Benefits of the acquisition for the Corporation
        --  Increases annualized Free Cash Flow by approximately
            $5.0 million
        --  Reduces the Corporation's Payout Ratio by approximately three
            percentage points on an annual basis
        --  Adds a high-quality, long-term hydro asset
        --  Provides a new watershed with a regulated water flow
        --  Carries perpetual land and water rights
        --  Introduces a new capital structure that optimizes the return on
            acquired assets
        --  Deposit refund reduces the outstanding balance of the revolving
            term credit facility

Summary of asset acquired

The 30.5 MW SM-1 hydroelectric facility is located on private land near the 
town of Sept-Iles, in Quebec.  Its long-term average annual production is 
expected to reach 166,500 MWh after completion of a capital improvement 
program already underway.
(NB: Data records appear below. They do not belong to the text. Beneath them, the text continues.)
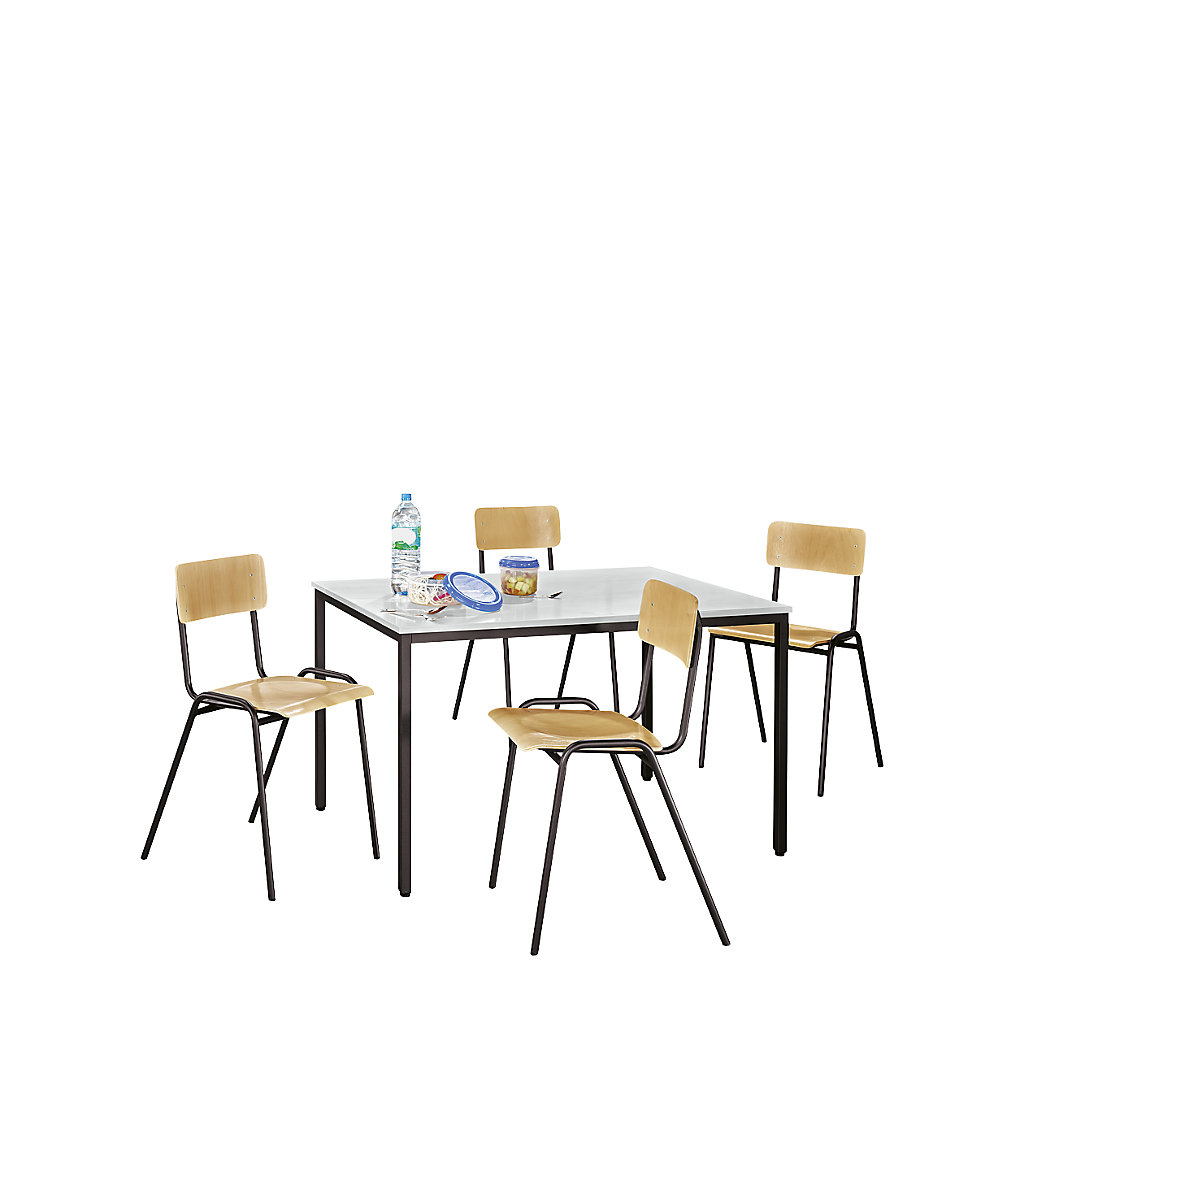 EUROKRAFTbasic – Uniwersalny zestaw mebli do siedzenia, 1 stół, 4 krzesła, blat jasnoszary, szkielet szarobrązowy
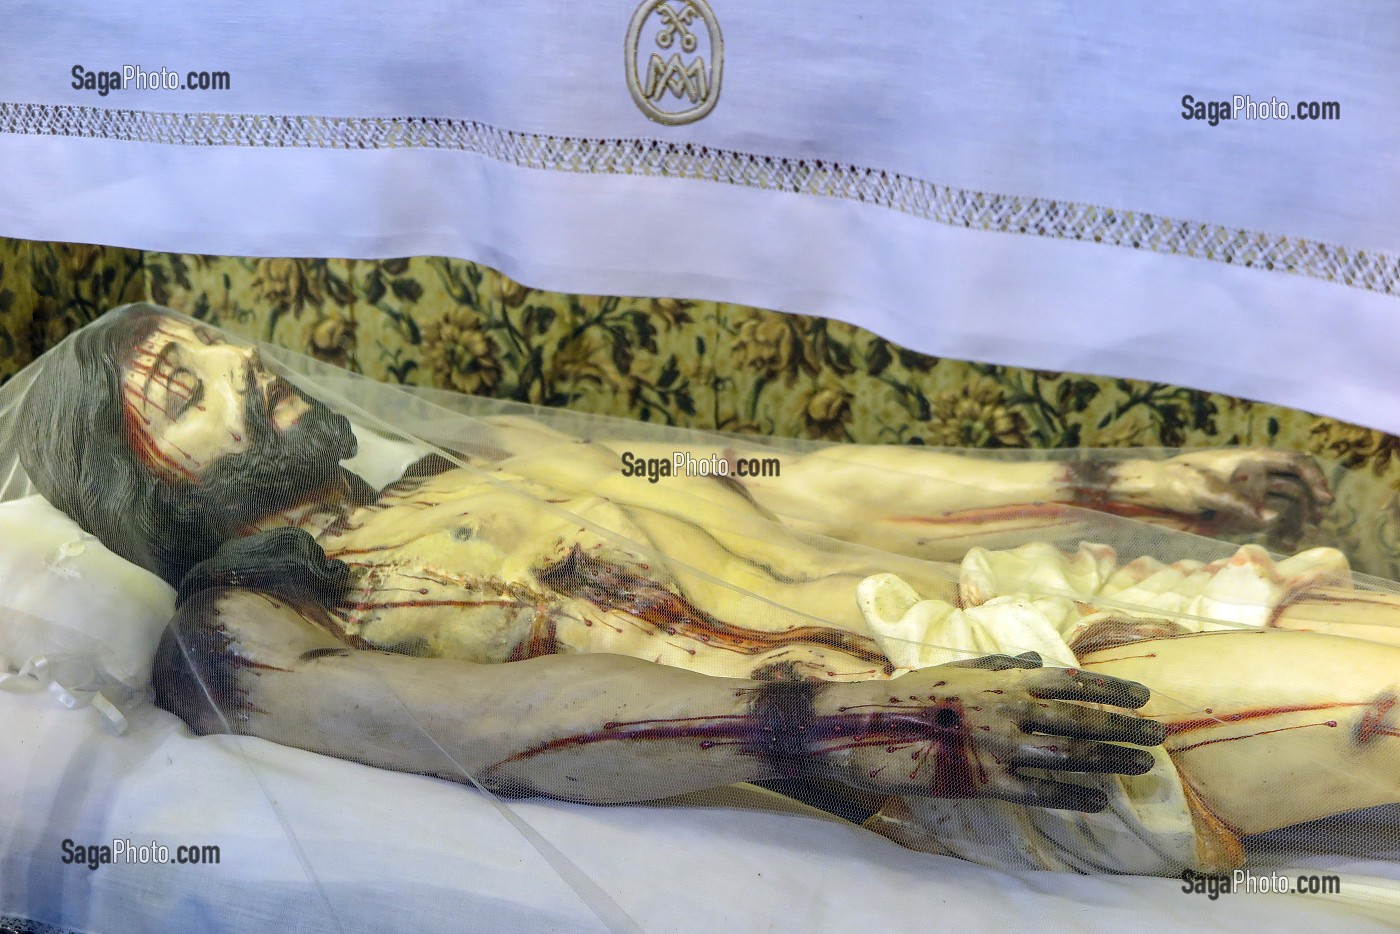 CHRIST MORT ENSANGLANTE DANS SON LINCEUL, EGLISE DOS CLERIGOS, PORTO, PORTUGAL 
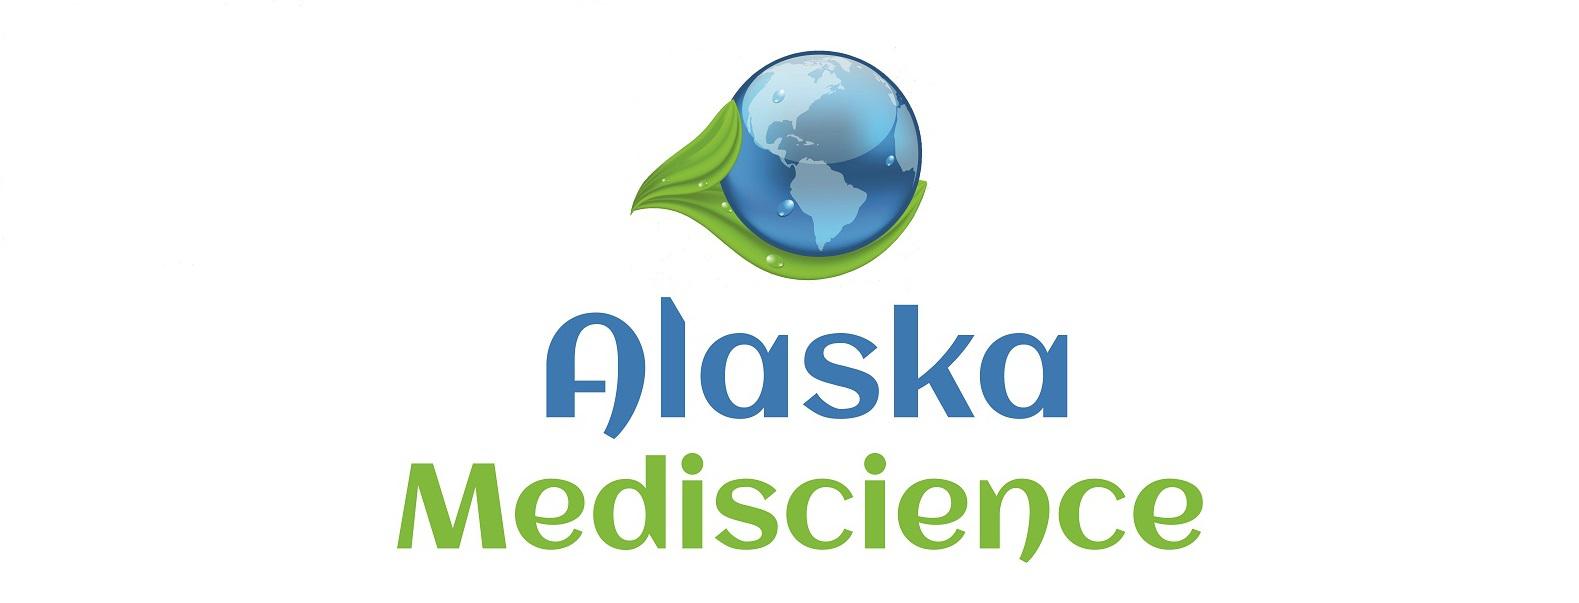 Alaska Mediscience Logo

The facility was commissioned in 1993 with one 
turbine providing an initial capacity of 8.5 MW; two other turbines installed 
in 2002 provide additional capacity of 22.0 MW. All of the electricity the 
facility produces is covered by two fixed-price 25-year power purchase 
agreements with Hydro-Québec: one for 8.5 MW maturing in 2018, which provides 
for an annual increase in the selling price of 3% to 6%; and one for 22.0 MW 
maturing in 2027, which provides for an annual increase in the selling price 
of 2%. Both power purchase agreements contain a renewal option for an 
additional 25-year term. The water rights for this facility are owned in 
perpetuity. In addition, regulated water flows on the Sainte-Marguerite River 
from the operation of Hydro-Québec's 800 MW Sainte-Marguerite-3 hydroelectric 
facility upstream results in regular production levels throughout the year. 
The SM-1 facility is expected to generate annualized revenues of approximately 
$11.0 million and Adjusted EBITDA of approximately $9.0 million.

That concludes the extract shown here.